Claim: The angular velocity of any point mass of a rigid body relative to any other point mass is the same, i.e., $\vec{\omega_{i,j}} = \vec{\omega}\;\,\forall{i}\,\forall{j}$, where $\vec{\omega}$ is by definition, “the angular velocity of the rigid body”
My attempt at a proof:
It suffices to show that:
(1) $\vec{\omega_{i,j}} = \vec{\omega_{j,i}}\;\,\forall{i}\,\forall{j}\,(i \neq j)$
(2) $\vec{\omega_{j,i}} = \vec{\omega_{k,i}}\;\,\forall{i}\,\forall{j}\,\forall{k}\,(i\neq j\neq k)$
(Assume universal quantification over all unbound variables below)
Proof for (1):
$\vec{\omega_{i,j}} := \frac{1}{|\vec{r_{i,j}}|^2}\vec{r_{i,j}}\times \vec{v_{i,j}}$$\;$and $\;$$\vec{\omega_{j,i}} := \frac{1}{|\vec{r_{j,i}}|^2}\vec{r_{j,i}}\times \vec{v_{j,i}}$
where $\vec{\omega_{j,i}},\vec{r_{j,i}}$ and $\vec{v_{j,i}}$ are the orbital angular velocity, position, velocity of the $j^{th}$ point mass w.r.t the $i^{th}$ point mass of the rigid body respectively.Subtracting these two expressions and using $\vec{r_{j,i}} = -\,\vec{r_{i,j}}$$\;$,$\;$ $\vec{v_{j,i}} = -\,\vec{v_{i,j}}$$\;$,$\;$$|\vec{r_{i,j}}| = |\vec{r_{j,i}}|$ we get $\,$$\vec{\omega_{i,j}} = \vec{\omega_{j,i}}$$\,$as required.
Proof for (2):
$\vec{\omega_{k,i}} := \frac{1}{|\vec{r_{k,i}}|^2}\vec{r_{k,i}}\times \vec{v_{k,i}}$$\;$and $\;$$\vec{\omega_{j,i}} := \frac{1}{|\vec{r_{j,i}}|^2}\vec{r_{j,i}}\times \vec{v_{j,i}}$
I tried expanding the expression of$\,$$\vec{\omega_{k,i}}$ using $\vec{r_{k,i}} = \vec{r_{k,j}}+\vec{r_{j,i}}$$\,$ and similarly for velocity, $\vec{v_{k,i}} = \vec{v_{k,j}}+\vec{v_{j,i}}$$\,$ but to no avail:
$\vec{\omega_{k,i}} = \frac{1}{|\vec{r_{k,i}}|^2}(\vec{r_{k,j}}\times \vec{v_{k,j}} + \vec{r_{j,i}}\times \vec{v_{k,j}}+ \vec{r_{k,j}}\times \vec{v_{j,i}}+ \vec{r_{j,i}}\times \vec{v_{j,i}})$
Now $\vec{r_{i,j}}\perp\vec{v_{i,j}}\;\,\forall{i}\,\forall{j}(i \neq j)$ (Rigid body constraint since $|\vec{r_{i,j}}| = constant$) but that doesn’t help in simplifying these cross products either. Any guidance will be much appreciated.
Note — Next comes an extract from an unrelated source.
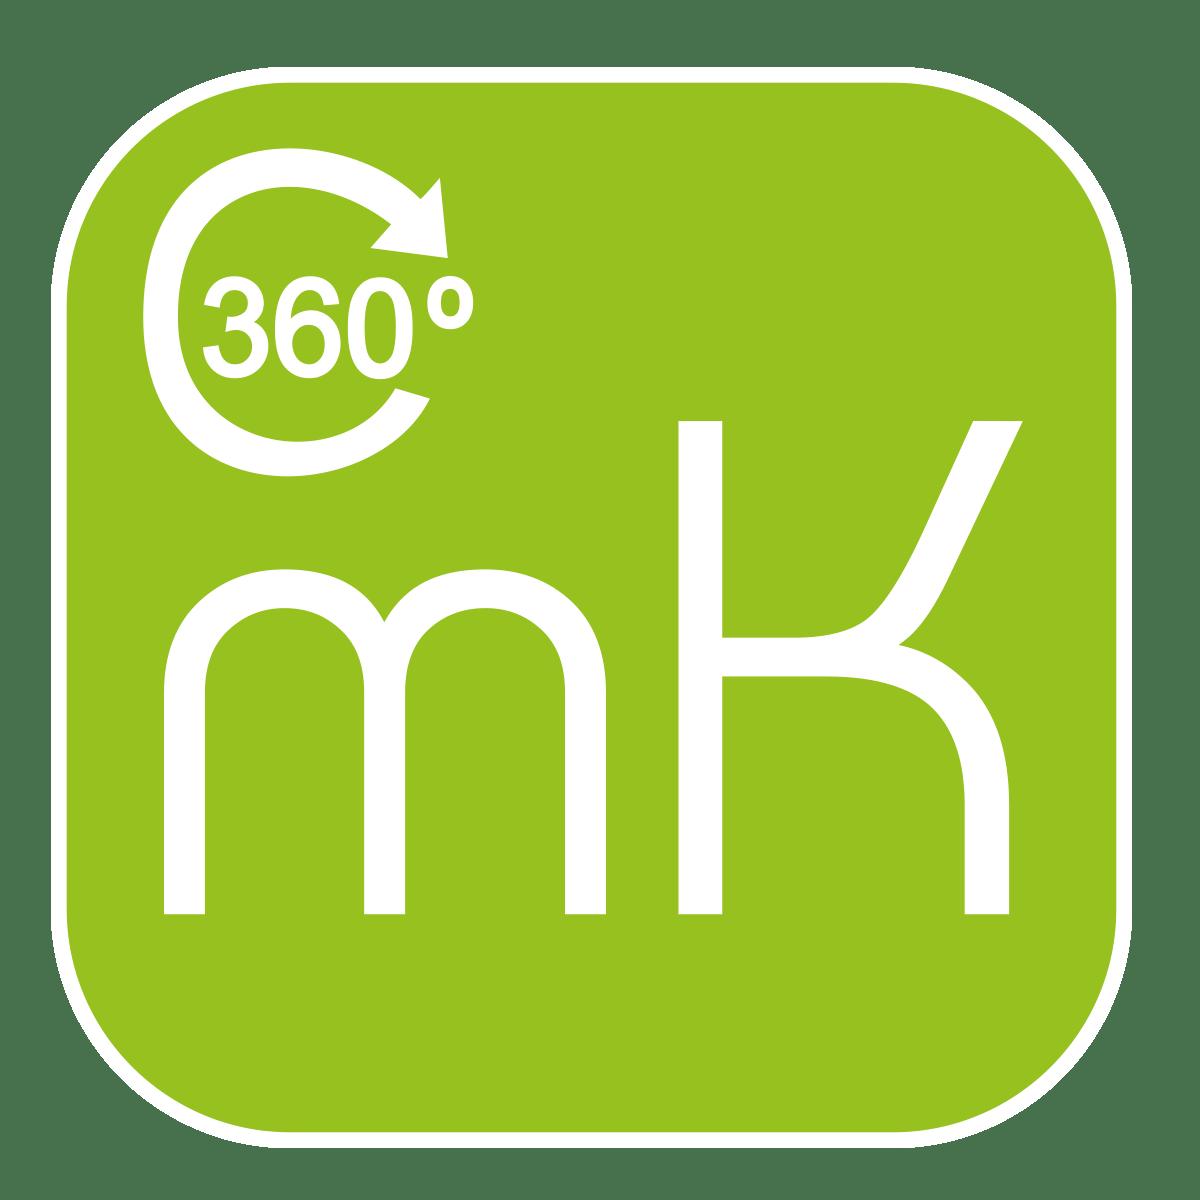 MK Fotografie | Fotopanoramen

EDIT(27/02/22): I have made some progress:
To help prove (2), I make the following claim:
Claim: $\vec{v_{j,i}} = \vec{\omega_{j,i}} \times \vec{r_{j,i}}$
Proof: $\vec{\omega_{j,i}} := \frac{1}{|\vec{r_{j,i}}|^2}\vec{r_{j,i}}\times \vec{v_{j,i}}$
$\implies{\vec{\omega_{j,i}} \times \vec{r_{j,i}} = \left(\frac{1}{|\vec{r_{j,i}}|^2}\vec{r_{j,i}}\times \vec{v_{j,i}}\right)\times \vec{r_{j,i}}}$
$\implies{\vec{\omega_{j,i}} \times \vec{r_{j,i}}= \vec{v_{j,i}}-(\vec{r_{j,i}}\cdot \vec{v_{j,i}}) \frac{1}{|\vec{r_{j,i}}|^2}}$
(using the vector triple product identity) Now, $\vec{r_{j,i}}\cdot \vec{v_{j,i}} = 0$ since $|\vec{r_{j,i}}| = constant$ is the rigid body constraint. Using this proves the claim.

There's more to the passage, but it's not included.